Зимой, когда все шептались по углам, что в городе появился чужак, никто и представить себе не мог, что этого чужака – обгорелого бедолагу, брошенного неведомо кем на ступенях церкви, Сарбан возьмет под опеку и в конце концов усыновит. Впрочем, Лили уже тогда все знала, потому что видела обгорелого во сне в одну из первых ночей, но был он не обгорелым, а молодым и красивым, с гладкой кожей, длинными волосами и глубокими, как ночное небо, глазами. Хотя во сне он казался цел и невредим, Лили знала, кого видит, однако, проснувшись на рассвете, напрочь забыла его облик. Когда она впервые увидела Игнаца – с лицом, сокрытым под маской из бинтов, – помогающим Сарбану у алтаря во время службы, она узнала его по глазам, которые вспомнила из сна, и преисполнилась тревоги, беспокойства, как будто ощутила, что помнит то, чего не было; как будто у нее появилась собственная тайна. Позже, когда весна была в разгаре, Лили обнаружила кустарник и скрытую за ним неплотно прилегающую доску и решила почаще навещать своего обгорелого, наблюдать за его занятиями из спокойного прибежища посреди теней.

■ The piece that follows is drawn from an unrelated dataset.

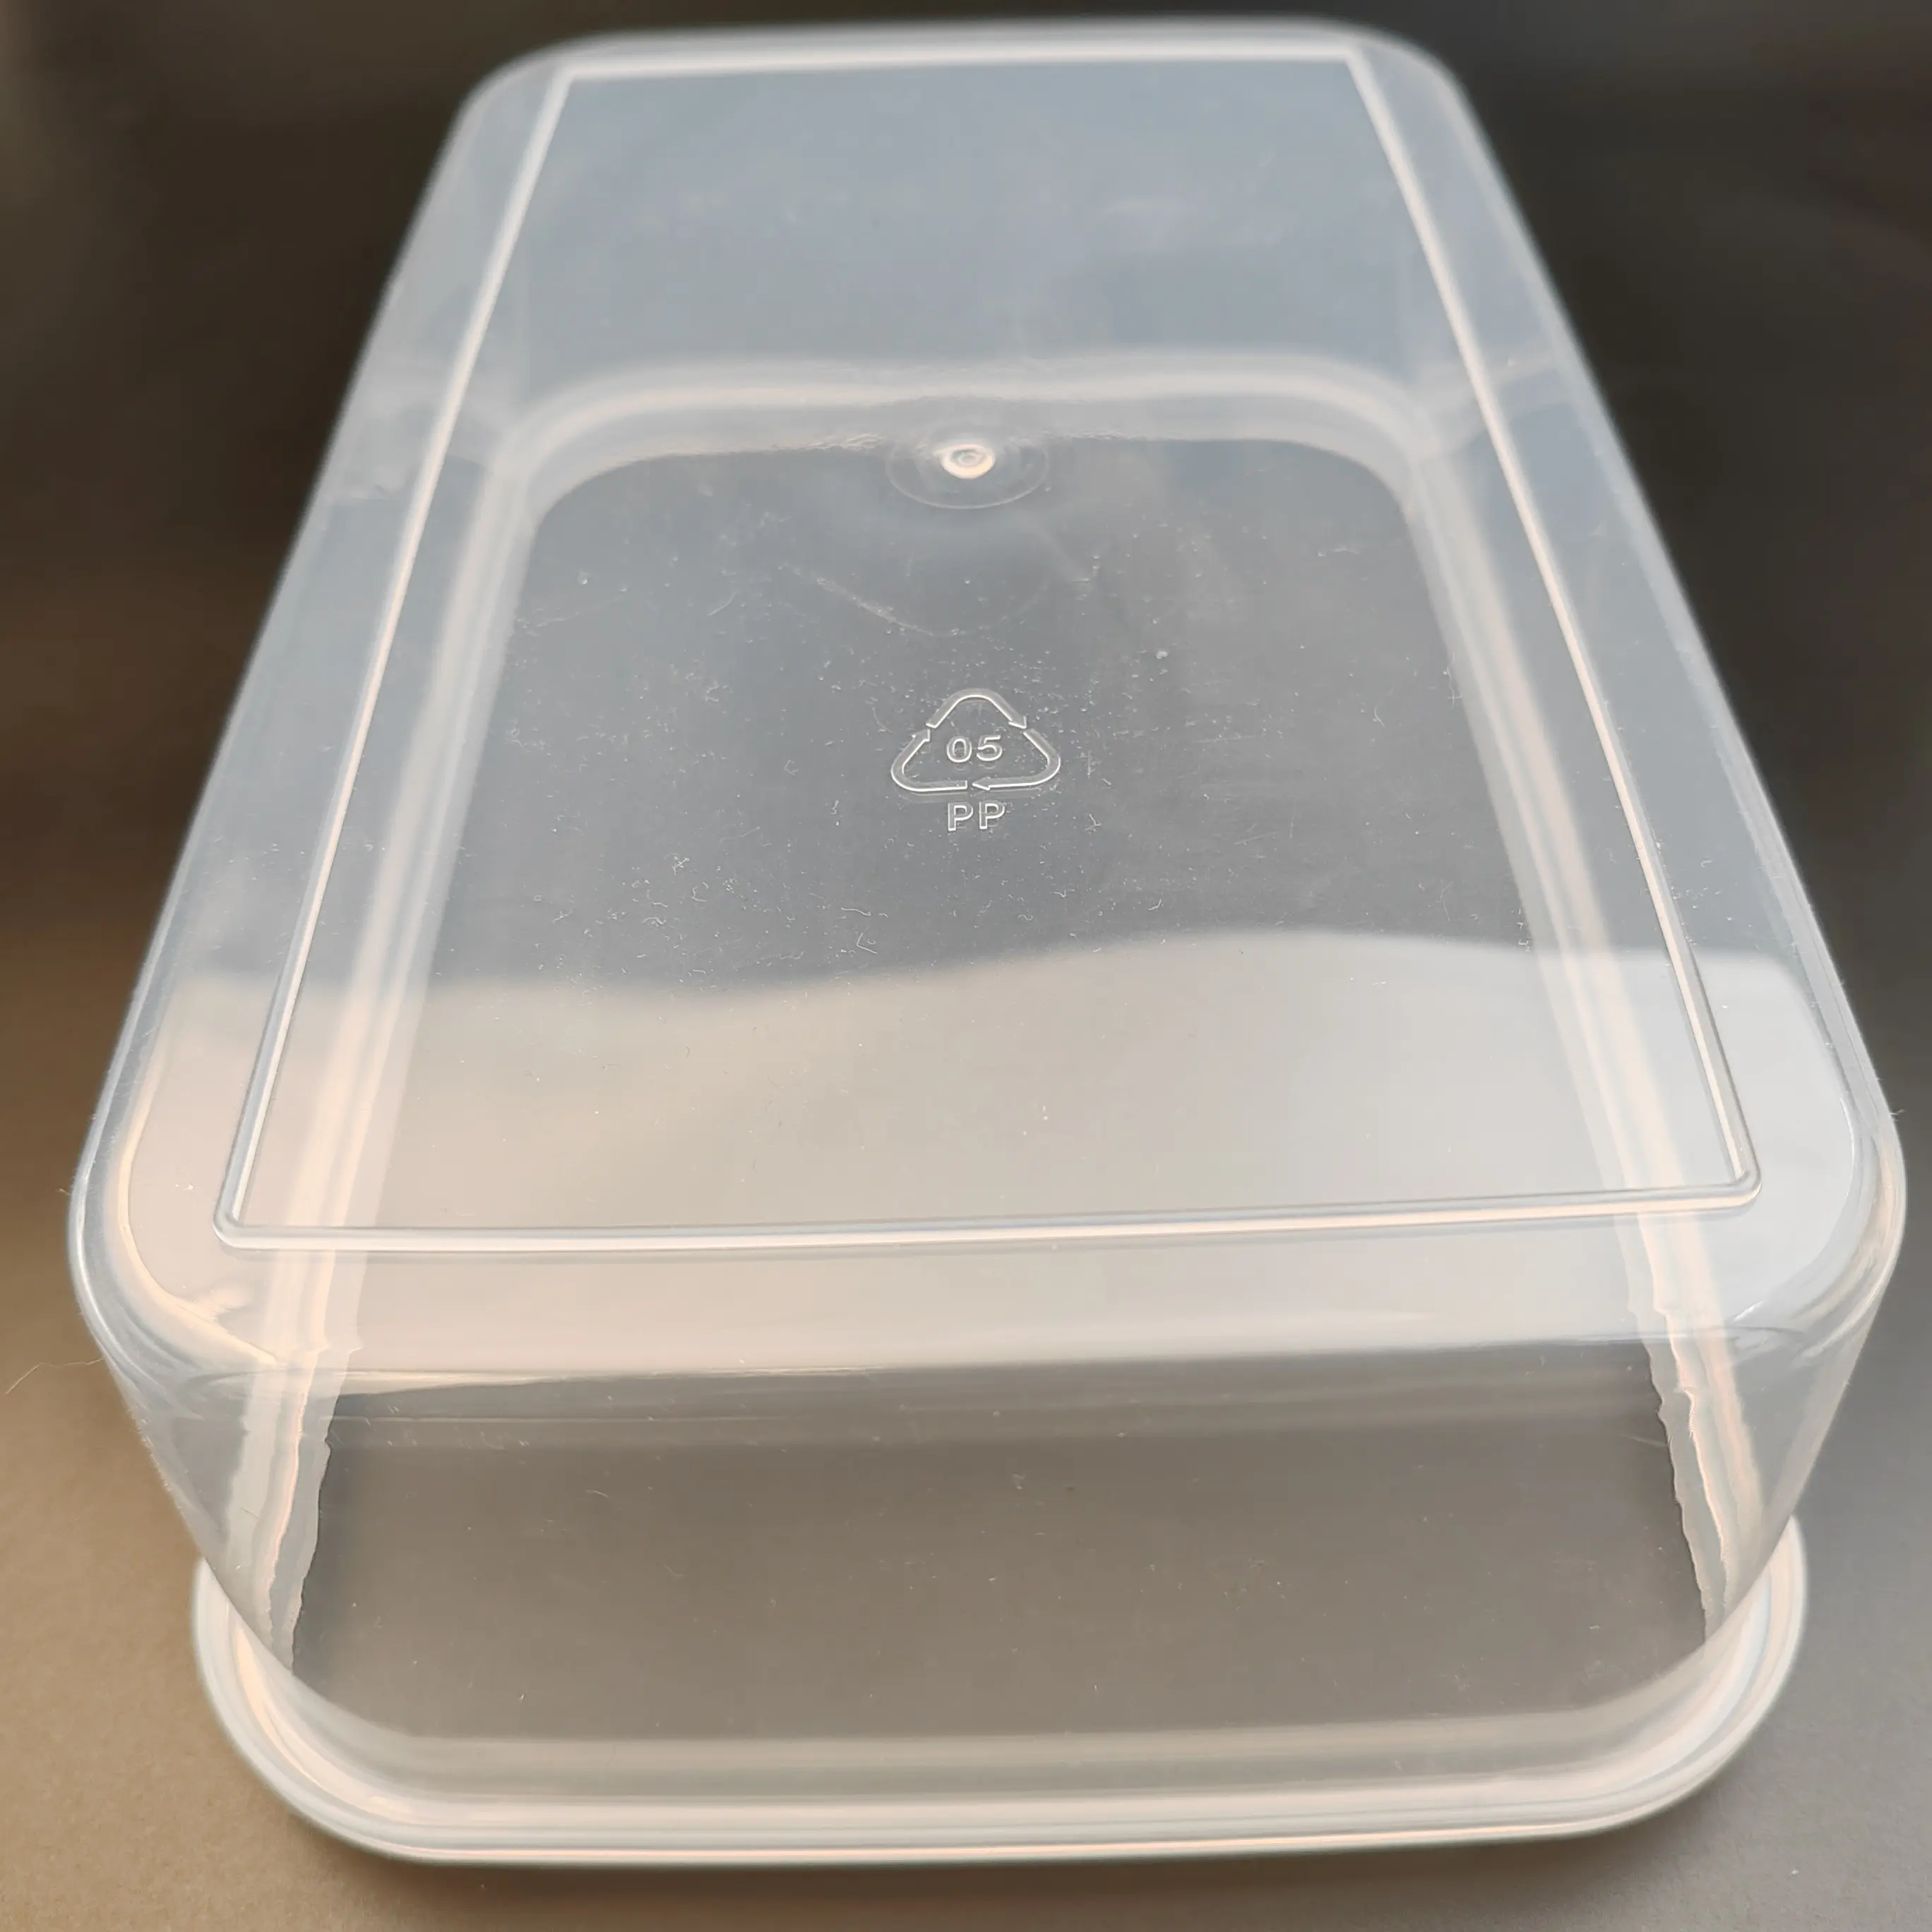 منظم المطبخ برطمان تخزين ثلاجة الغذاء المختوم حاوية الحاويات الحافظة على الغذاء الطازج صندوق تخزين مع الغطاء

Но теперь Лили понимала: что-то пошло не так, ведь детей было слишком мало, а сутулая спина обгорелого наводила на мысли о неразделенных печалях. Игнац потерял голос, поэтому Лили никогда бы не смогла узнать, что случилось, даже если бы волею судеб оказалась с ним лицом к лицу. Поэтому она тихонько наблюдала за его непривычно скупыми и медленными движениями, притворяясь – сама для себя, наедине с собой, – что все знает, понимает его, и он об этом осведомлен.

Черный жук заполз ей на руку. Лили потрясла пальцами, и козявка упала на землю вверх тормашками. Юница понаблюдала, как она бьется, дергает в воздухе лапками, похожими на черные иголочки. Лили оторвала от куста веточку и перевернула насекомое. Жук поспешно исчез в зарослях. Подняв глаза, она увидела, что Игнац исчез, остались только дети – молчаливые, с прямыми спинами. Поискав взглядом, обнаружила его темный силуэт в окошках лачуги во дворе, которую он возвел сам; он там ел, он там спал, то был его дом. Силуэт не двигался. Похоже, он уронил голову на руки, и Лили задалась вопросом, уж не плачет ли бедолага. Все еще в своем приюте соглядатая, она встала – ноги онемели, по телу ползали муравьи. Отряхнув платье и рубашку, посмотрела на окно Сарбана, как будто чей-то тихий голос позвал ее по имени. Из окна за ней наблюдал отче. Лили испугалась и бросилась бежать – через кусты, по узкому проходу между школой и домом священника. Ритм сердца опережал ритм ног, и Лили неустанно спрашивала себя, что Сарбан расскажет ее отцу – все расскажет, да? а может, ничегошеньки не расскажет? Она уже видела, как деревянная ложка рассекает воздух, как краснеет – или даже лопается – кожа; это будет не в первый раз. Она уже слышала срывающийся от гнева голос, покрасневшие от натуги глаза. Если он узнает, у Лили не будет никаких оправданий, и пощады тоже не будет.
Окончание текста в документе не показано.